The hand-written one looks much better:

Extraction string_eq_dec.

(** val string_eq_dec : string -> string -> bool **)

let rec string_eq_dec sa sb =
  match sa with
  | EmptyString ->
    (match sb with
     | EmptyString -> true
     | String (a, s) -> false)
  | String (ch_a, tl_a) ->
    (match sb with
     | EmptyString -> false
     | String (ch_b, tl_b) ->
       if ascii_dec ch_a ch_b then
         string_eq_dec tl_a tl_b
       else
         false)

Lexicographic Order

We now try to specify and implement the lexicographic order on strings.

Specification

For the order on Ascii characters, we will use nat_of_ascii and then the order on naturals. There are a few theorems on that embedding:

Check ascii_nat_embedding.

ascii_nat_embedding
     : forall a : ascii, ascii_of_nat (nat_of_ascii a) = a

Check nat_ascii_embedding.

nat_ascii_embedding
     : forall n : nat,
         n < 256 -> nat_of_ascii (ascii_of_nat n) = n

We first specify what it means for 2 strings to be in lexicographic order.

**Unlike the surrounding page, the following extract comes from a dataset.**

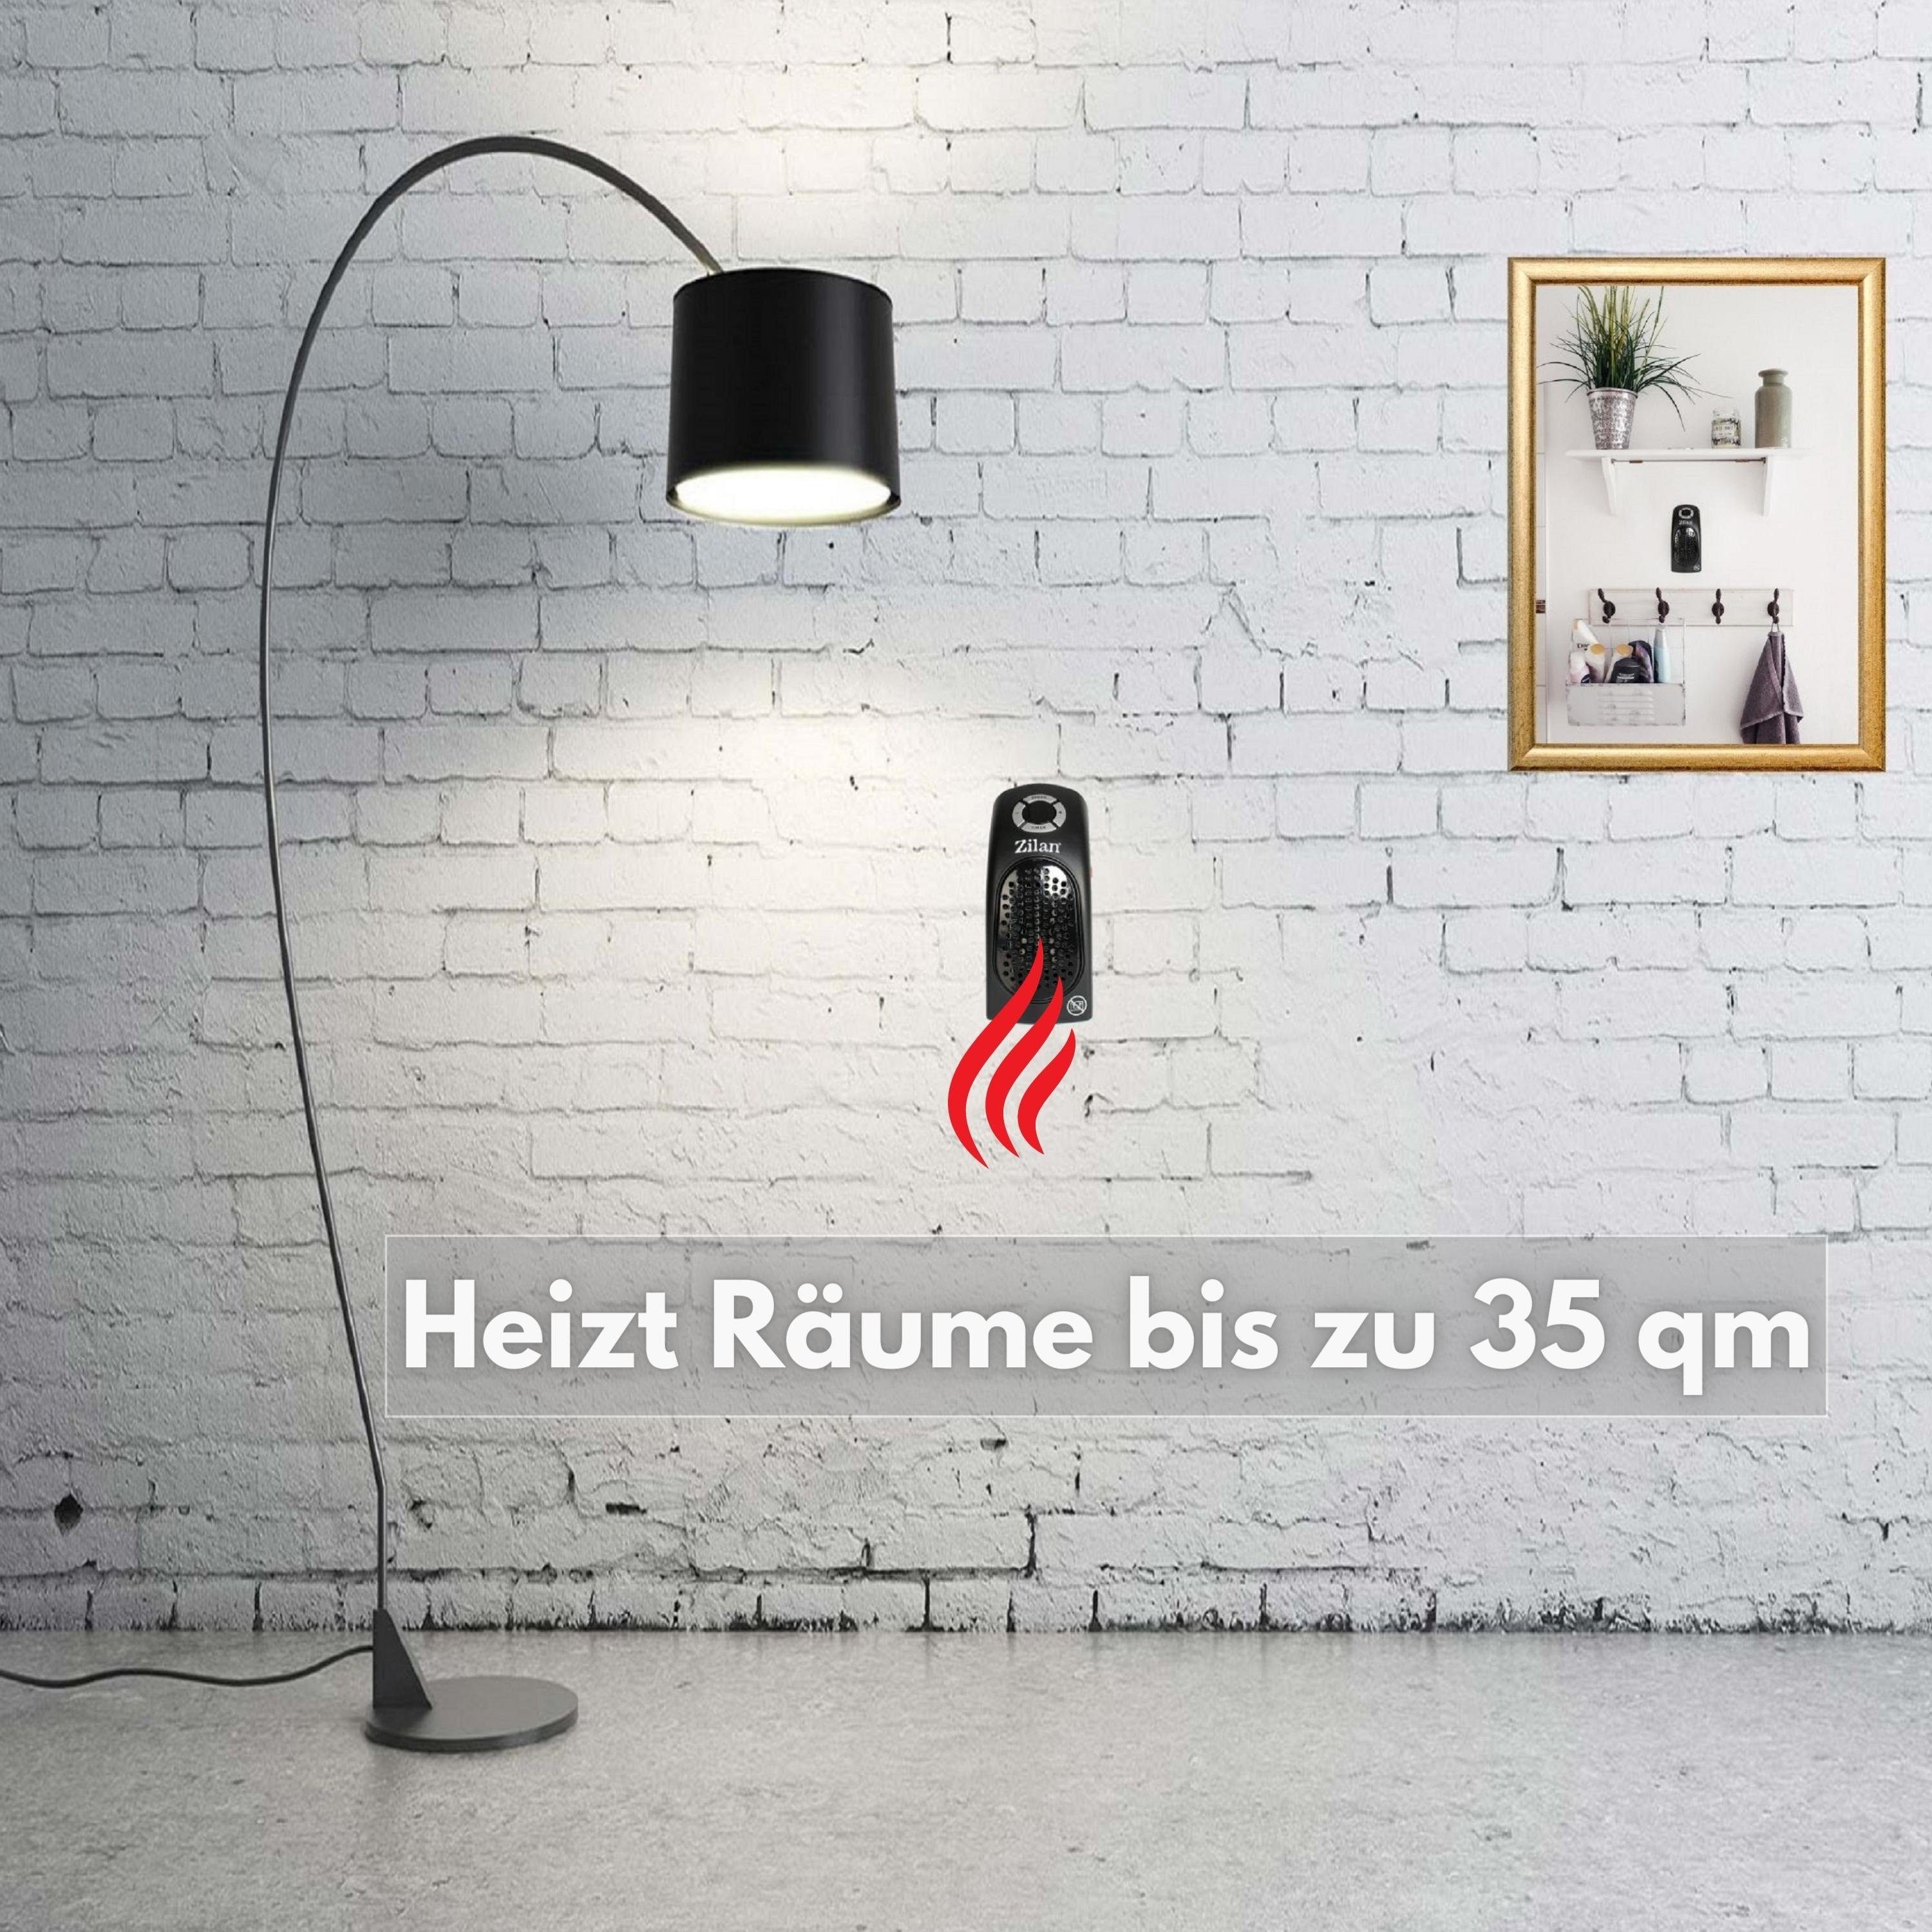 Zilan Timer, 12h 2000 LED-Anzeige ZLN-2281, W, Kompakt, Keramikheizlüfter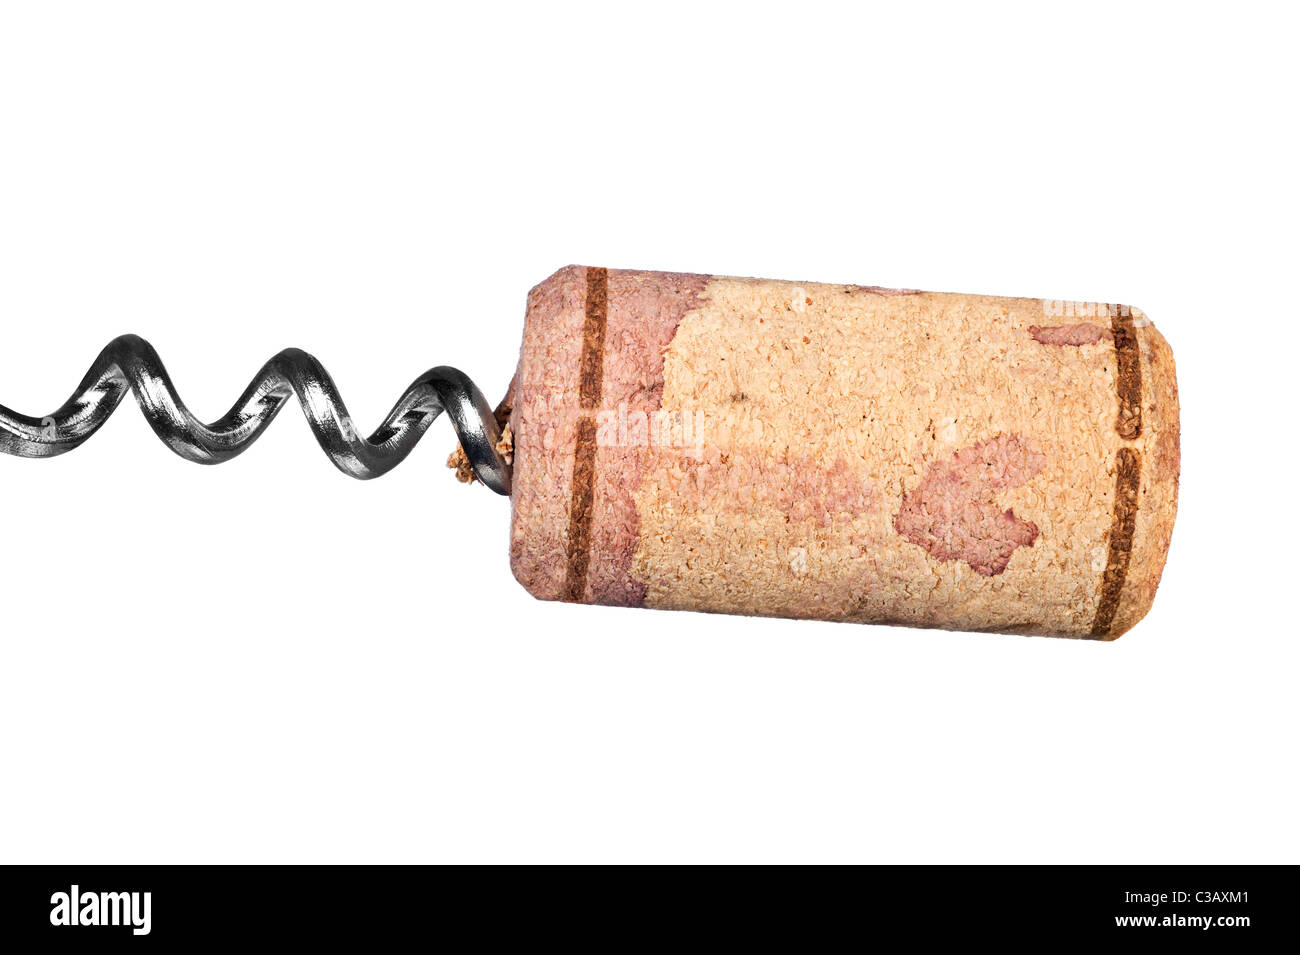 Un tire-bouchon en métal en spirale avec suppression cork torsadés en métal l'extracteur. Banque D'Images

Inductive in_lex_order: string -> string -> Prop :=
| lexord_empty_strings: (* "" <= "" *)
  in_lex_order EmptyString EmptyString
| lexord_chars_different: (* "A..." <= "B..." *)
  forall (c1 c2: ascii) (s1 s2: string),
    nat_of_ascii c1 < nat_of_ascii c2 ->
    in_lex_order (String c1 s1) (String c2 s2)
| lexord_chars_equal: (* s1 <= s2  ->   As1 <= As2 *)
  forall (c: ascii) (s1 s2: string),
    in_lex_order s1 s2 ->
    in_lex_order (String c s1) (String c s2)
| lexord_string_shorter: (* "aaa" <= "aaaaa" *)
  forall s, in_lex_order EmptyString s.

We add the 4 constructors to auto's database.

Hint Constructors in_lex_order.

Let's check it with a few examples(Of course, it is by doing the examples that I got the inductive definition right little by little ;)) …

Example ex_lex_01: in_lex_order "AAA" "AAB".
Proof. auto. Qed.
Example ex_lex_02: in_lex_order "AAA" "AAA".
Proof. auto. Qed.

ex_lex_03 made me fight a bit. Here is the first version:

Example ex_lex_03: ~ in_lex_order "AAB" "AAA".
Proof. unfold not. intros.
  Time repeat match goal with
                H: in_lex_order _ _ |- _ =>
                  inversion H; clear H
              end;
  repeat match goal with
           H: nat_of_ascii _ < nat_of_ascii _ |- _ =>
             compute in H
         end;
  repeat match goal with
           H: S _ <= _ |- _ =>
             inversion H; clear H; subst
         end.
  (* Proof Completed. *)

After forcing the unfolding of not,

we invert all the hypotheses using our inductive proposition;
we force the computation of the nat_of_ascii functions;
we invert the (false) inequalities.

We use Time to see that this makes a lot of steps:

Proof completed.
Finished transaction in 1. secs (0.u,1.71174s)

The type-checking of the proof gets even worse:

Time Qed.

ex_lex_03 is defined
Finished transaction in 8. secs (6.997937u,0.046993s)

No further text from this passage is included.